The package stanza contains metadata related to app upgrades, and the launcher stanza determines how the Launcher page in Splunk Enterprise and the Splunkbase website display information about the app. For more information about the contents of the app.conf file, see "app.conf" in the "Admin Manual."

Tips and useful resources

The page "Step 8: Package your app or add-on" in the "Developing Views and Apps for Splunkweb Manual" contains lots of useful resources related to packaging an app including:

  • What should be in the app.conf file.
  • How to add an icon and screenshots on Splunkbase or in the Launcher. These files must have particular resolutions and you must place them in a particular location.
  • How to tar and zip your app on different platforms. Note that you must manually install the gnutar tool referenced on this page on OS X.
SHIPThere are also Splunk CLI commands that can be used for packaging. The latter will ignore all auxiliary git-related files:
  • splunk package app appname
  • git archive

SHIPWhen you are creating the .spl file, it's a good idea to check out a clean copy of your app from your source control system and use that. This removes the risk of accidently including any temporary file or files created by Splunk Enterprise at runtime. However, you should be sure not to include files related to your source control system such as .git and .gitignore in the .spl package file.
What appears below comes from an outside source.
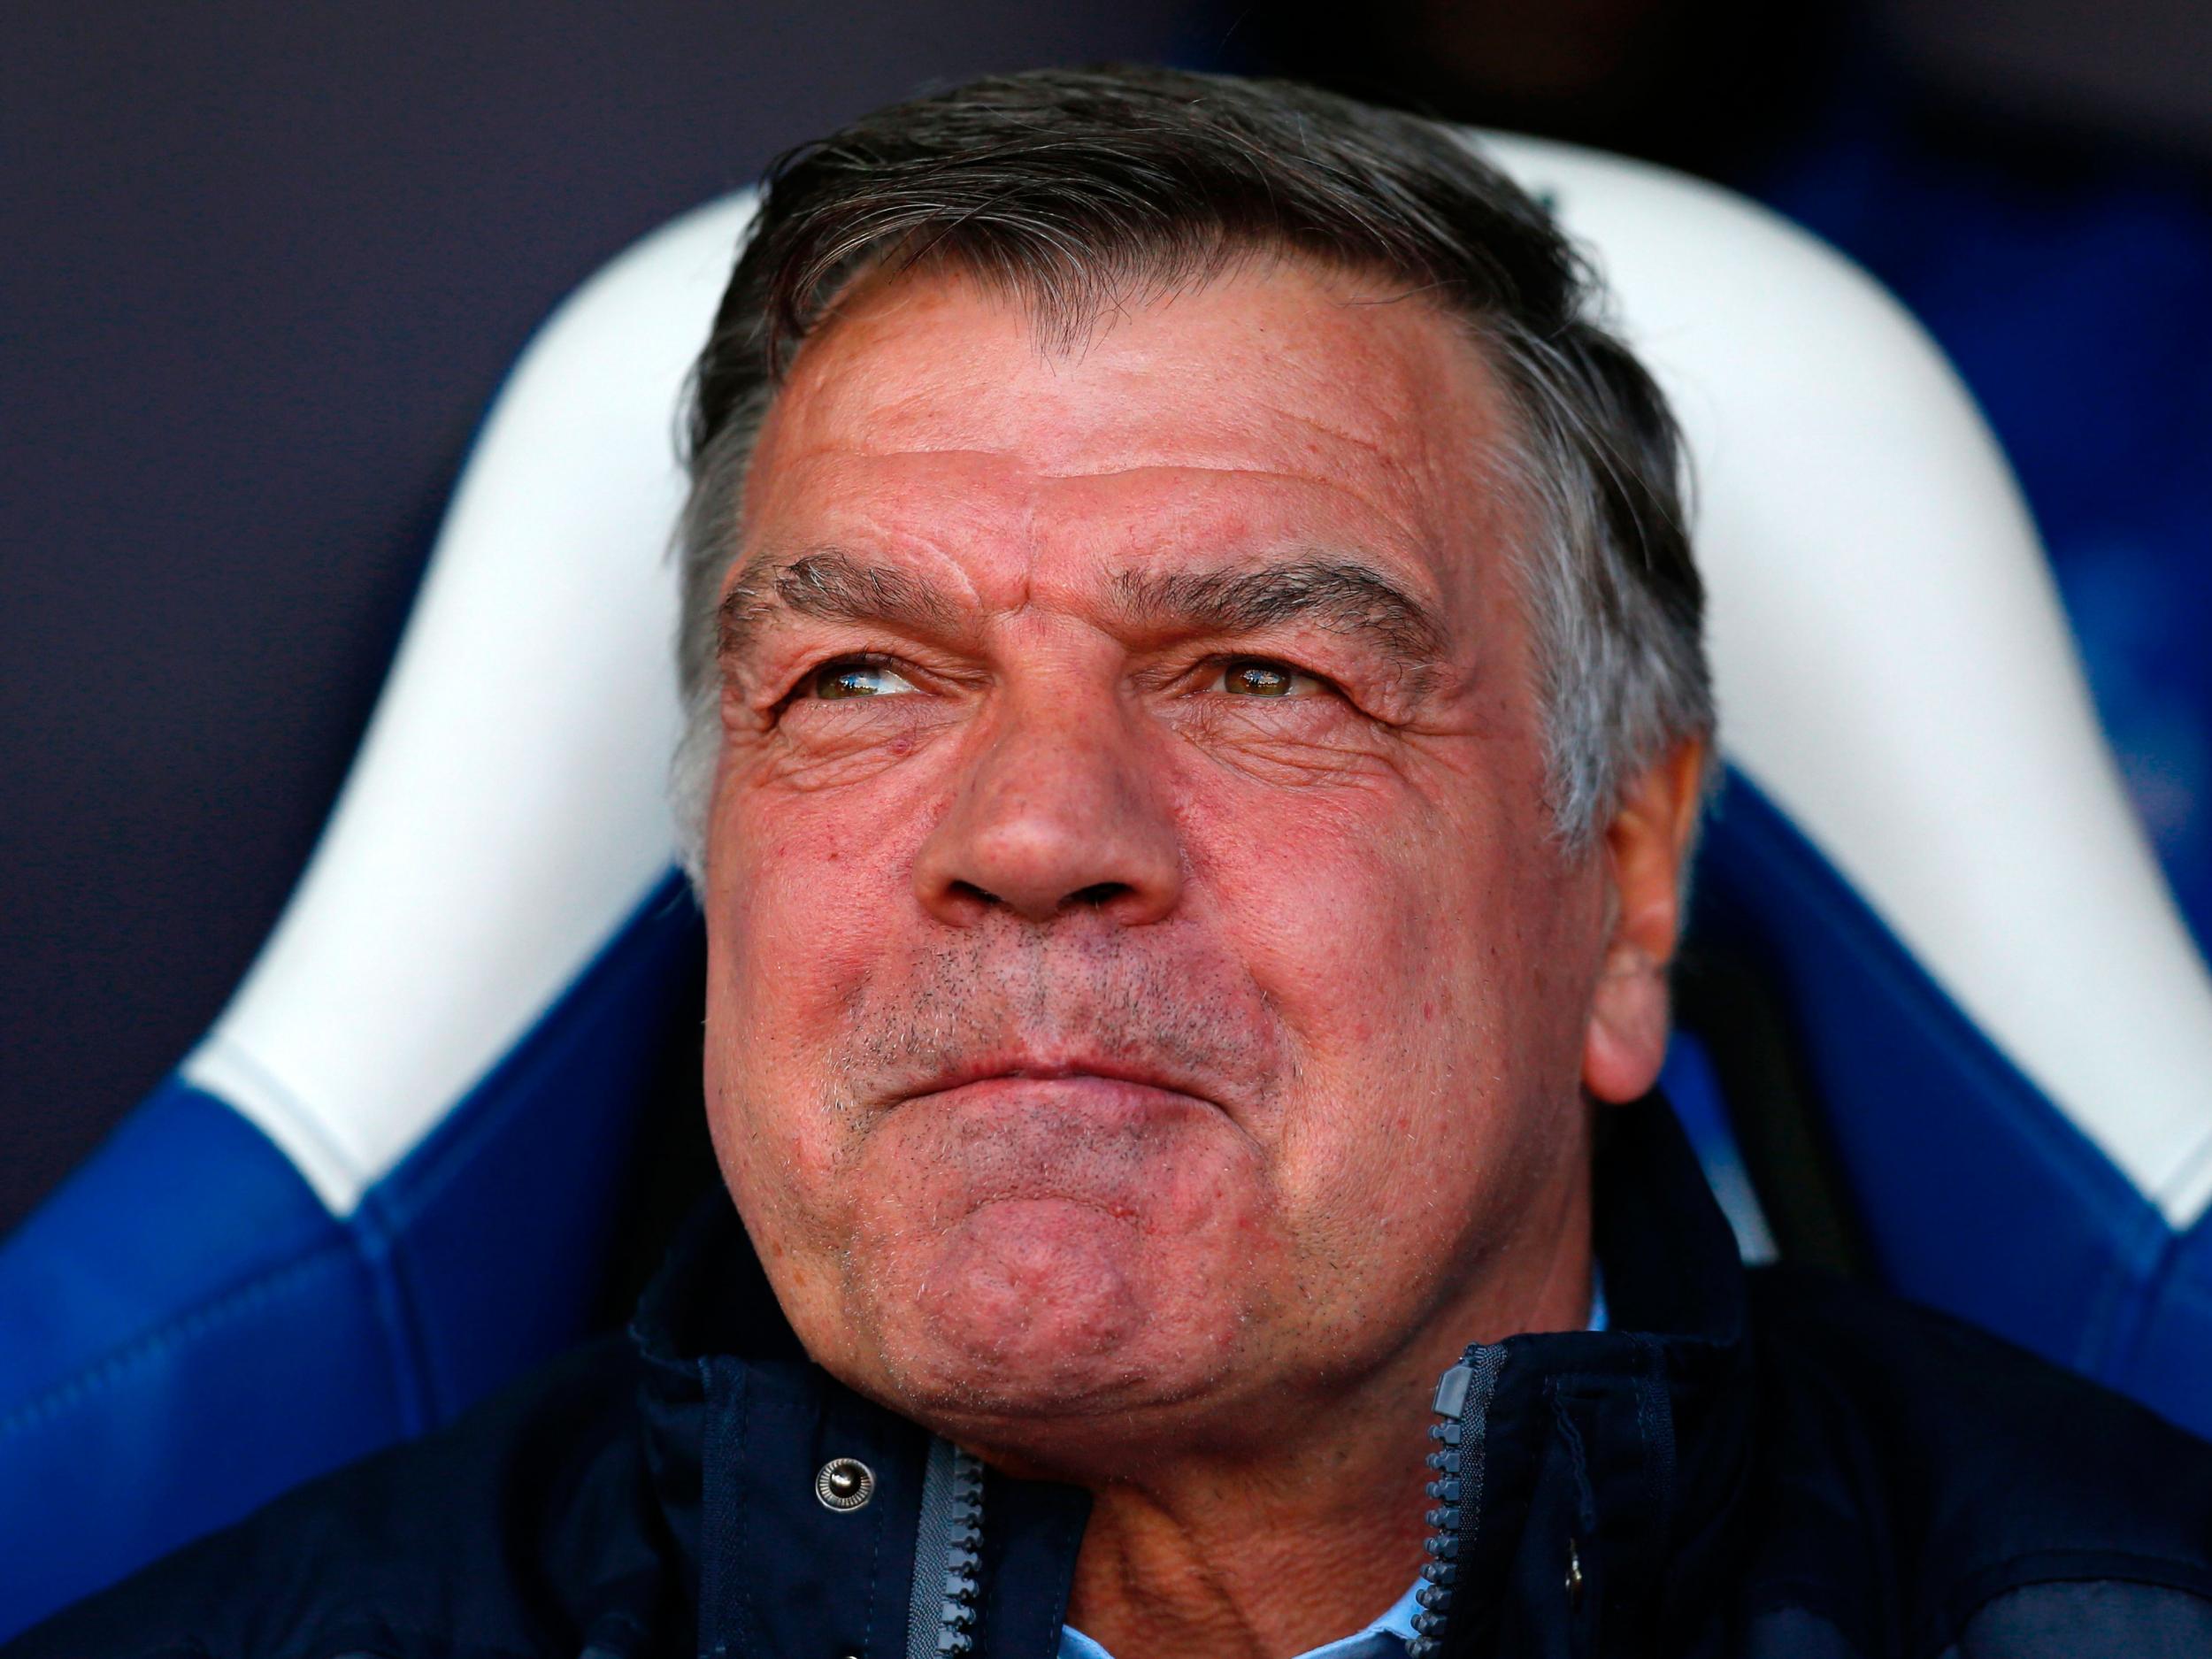 Sam Allardyce has been out of football since leaving Crystal Palace in the summer

When you tar and zip your app, you must add the folder that contains all your app resources as the root folder in the package.

For the PAS app, we have chosen to include in the .spl file the indexes.conf file that specifies the location of the pas index files. This is a convenience to let a customer downloading and installing the PAS app on a single machine get started quickly with minimal manual configuration steps. In a distributed production environment, an administrator typically needs to configure the indexes on specific machines.
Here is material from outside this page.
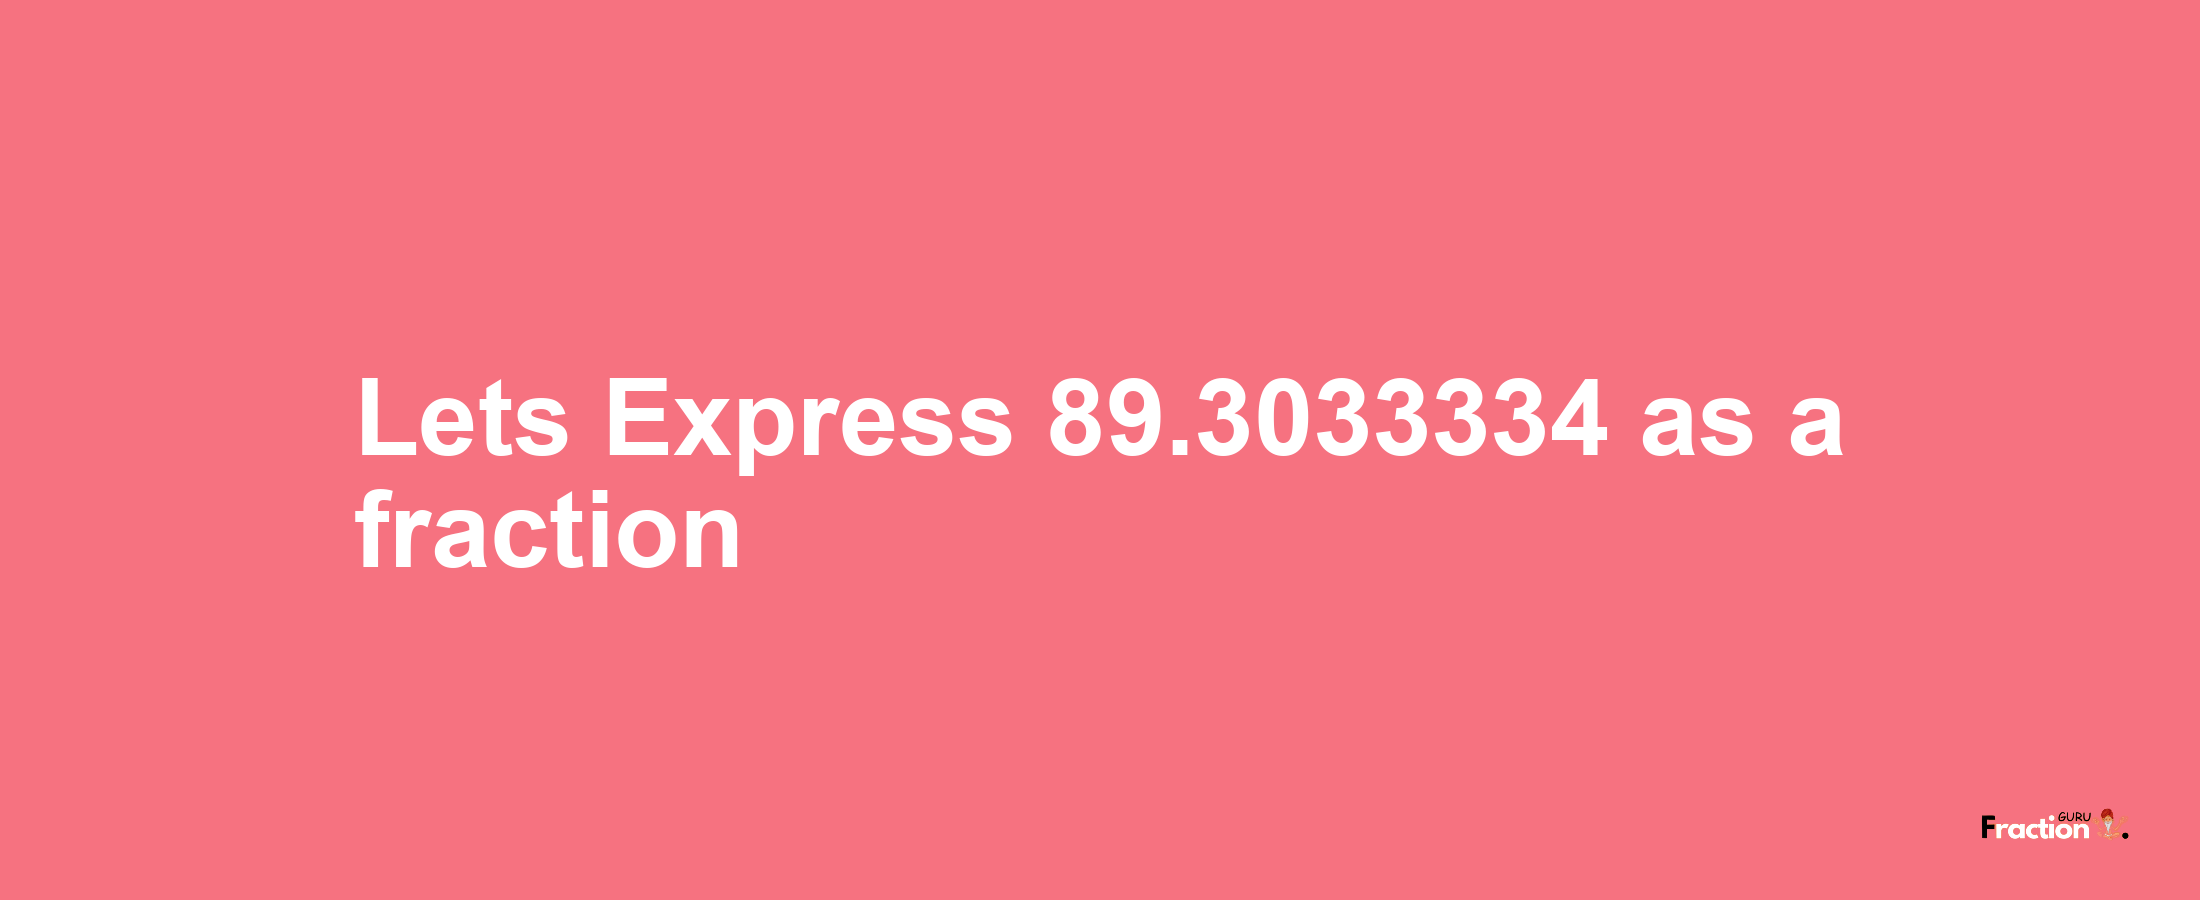 Lets Express 89.3033334 as afraction

When you upload your .spl file to Splunkbase, it validates the app folder structure and app.conf file. However, the Splunkbase team must approve the app before it becomes visible on Splunkbase. This usually takes about 24 hours to complete.
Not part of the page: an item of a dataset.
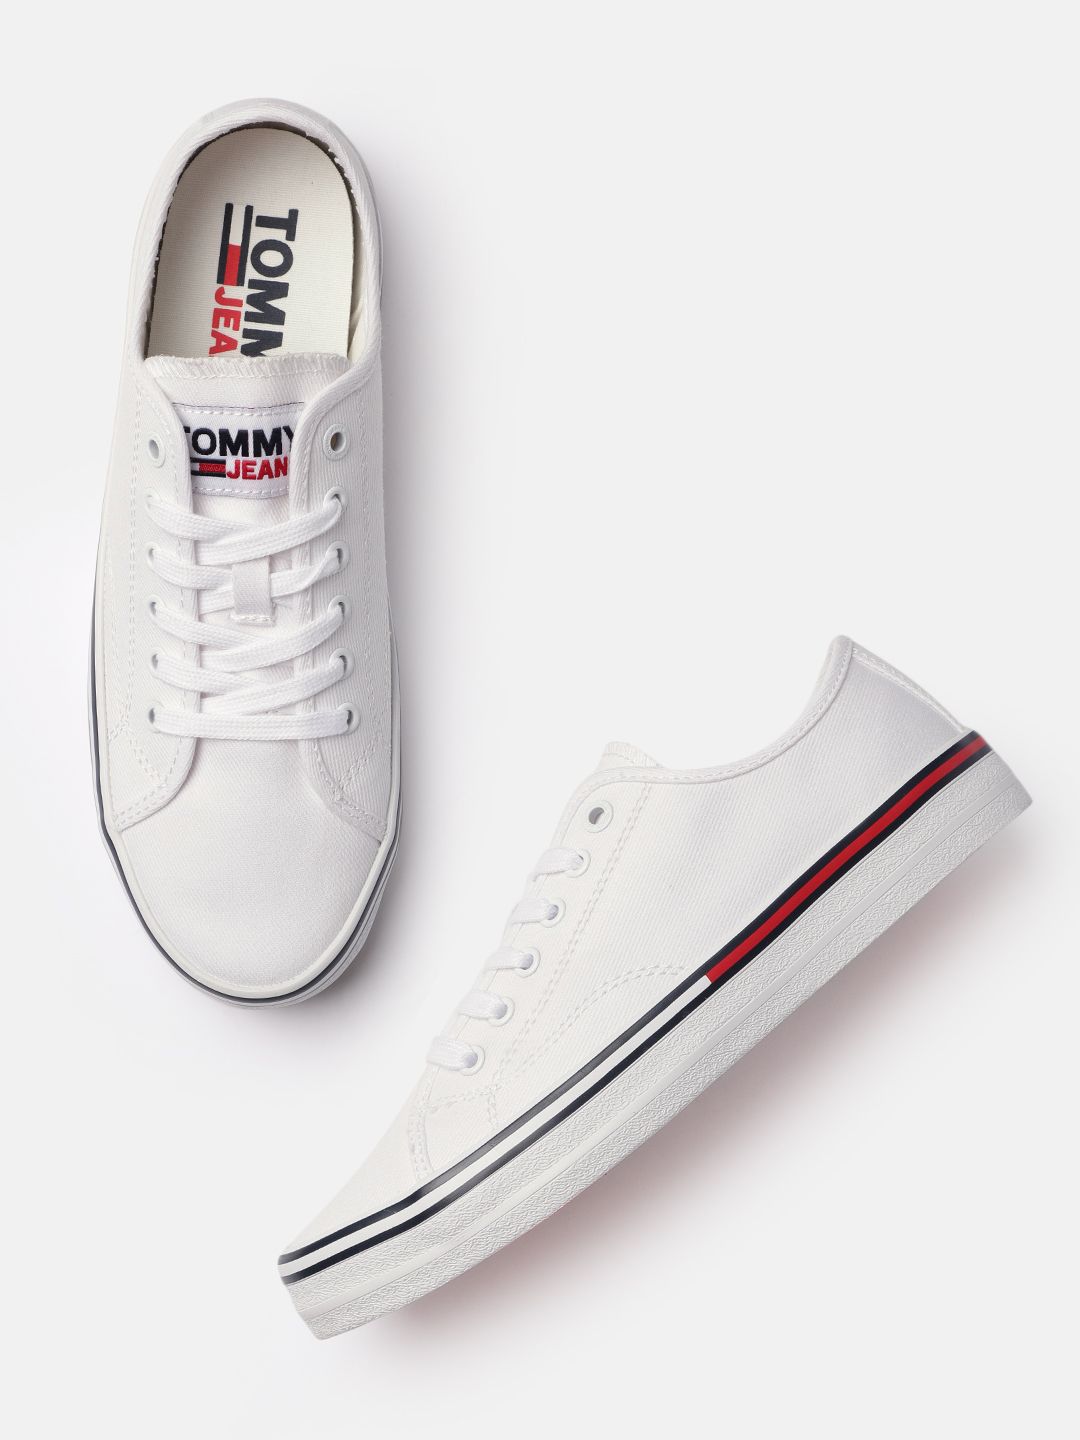 Tommy Hilfiger Women White ESSENTIAL Sneakers Price in India

SHIPWhen publishing your apps/add-ons on Splunkbase, follow these naming conventions:

During the submission process you must provide various pieces of metadata. These include the app name, a short description, license details, and contact details. For more information about the submission process including naming guidelines and approval criteria, see "About submitting content" in the "Working with Splunkbase Manual."

Updated: Splunk Packaging Toolkit

NEW FOR PAS 1.5.2: This section has been added since the original publication of Building Splunk Solutions, and applies to version 1.5.2 of the PAS reference app. For more information, see What's new in Building Splunk Solutions.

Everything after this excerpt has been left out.